For OMNI-2.5, I separately quantized the "thinker" and the "talker" (the entire model). But when I merge them (thinkermodel.talker = talker), inference fails reporting that the "thinker" is affected and the output contains NaNs. Could the author please advise on the correct way to quantize them together? Is there a plan to quantize all linear layers?

Oct 27 '25 01:10 LiMa-cas

@LiMa-cas How exactly did you do the separte quantization for each sub-model and merge? If you can share your code, maybe we can fix it. You need to give as much information as possible. I cannot just fix something with almost zero input.

Oct 29 '25 02:10 Qubitium

Hi，thanks for pay attention. I have changed two files: 1.base_qwen2_5_omni.py:

class BaseQwen2_5_OmniGPTQ(BaseGPTQModel): loader = AutoModelForTextToWaveform layer_modules = [ ["self_attn.k_proj", "self_attn.v_proj", "self_attn.q_proj"], ["self_attn.o_proj"], ["mlp.up_proj", "mlp.gate_proj"], ["mlp.down_proj"] ] base_modules = ["talker.model.embed_tokens", "talker.model.norm"], pre_lm_head_norm_module = ["talker.model.norm"] layers_node = ["talker.model.layers"] layers_modules_tree = ["talker", "model", "layers", "#", { "self_attn": ("k_proj", "v_proj", "q_proj", "o_proj"), "mlp": ("up_proj", "gate_proj", "down_proj"), }]

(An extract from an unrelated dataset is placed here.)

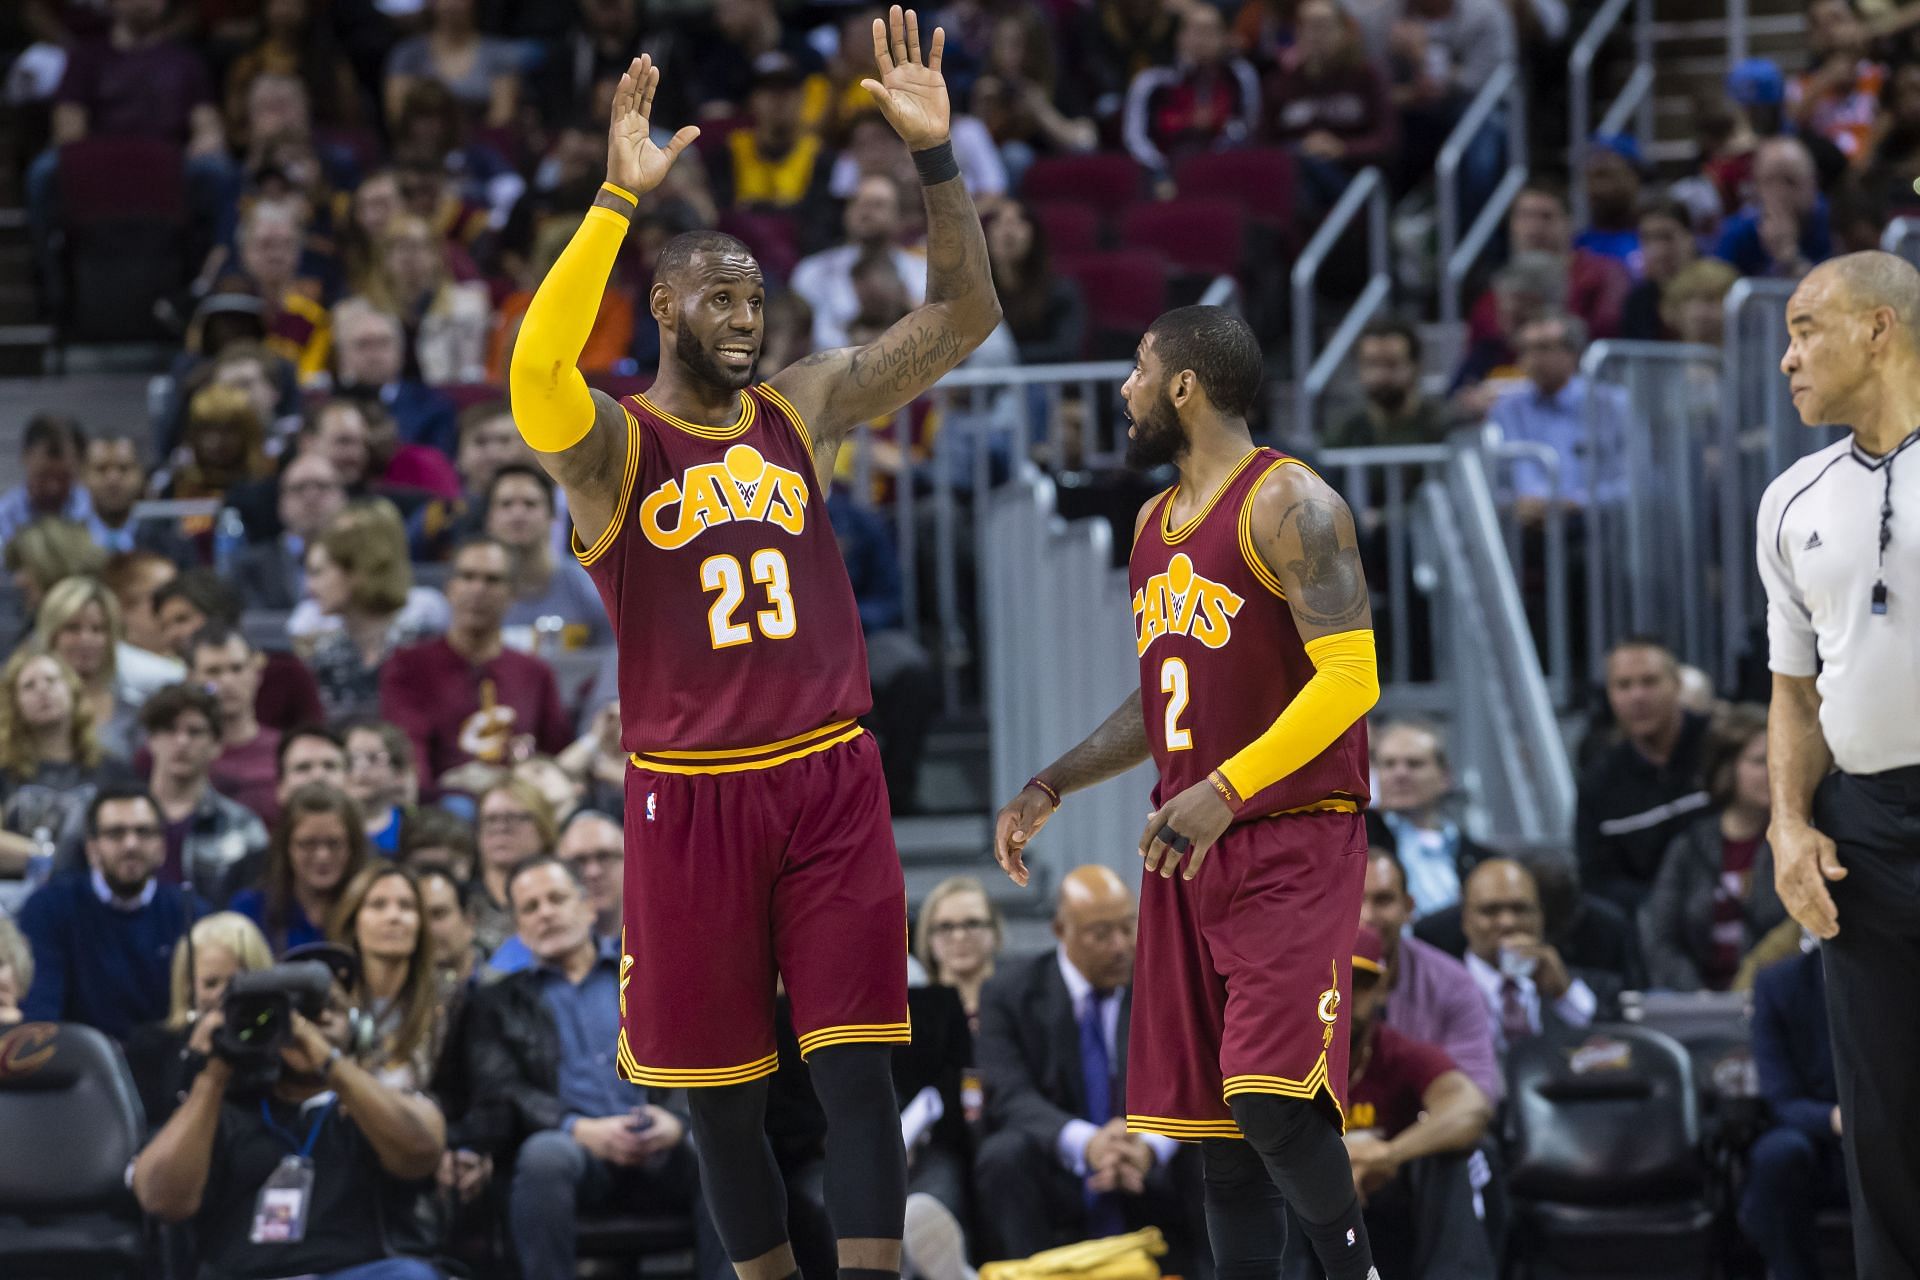 Cleveland Cavaliers stars LeBron James and Kyrie Irving share the floor as teammates in 2017.

modality = [MODALITY.TEXT, MODALITY.IMAGE_TO_TEXT]

require_load_processor = True

def pre_quantize_generate_hook_start(self):
    self.model.thinker = self.model.thinker.to(self.quantize_config.device)

    self.model.talker.thinker_to_talker_proj = self.model.talker.thinker_to_talker_proj.to(self.quantize_config.device)
    self.model.talker.model.embed_tokens = self.model.talker.model.embed_tokens.to(self.quantize_config.device)
    self.model.talker.model.rotary_emb = self.model.talker.model.rotary_emb.to(self.quantize_config.device)
    for layer in self.model.talker.model.layers:
        layer.self_attn.rotary_emb = layer.self_attn.rotary_emb.to(self.quantize_config.device)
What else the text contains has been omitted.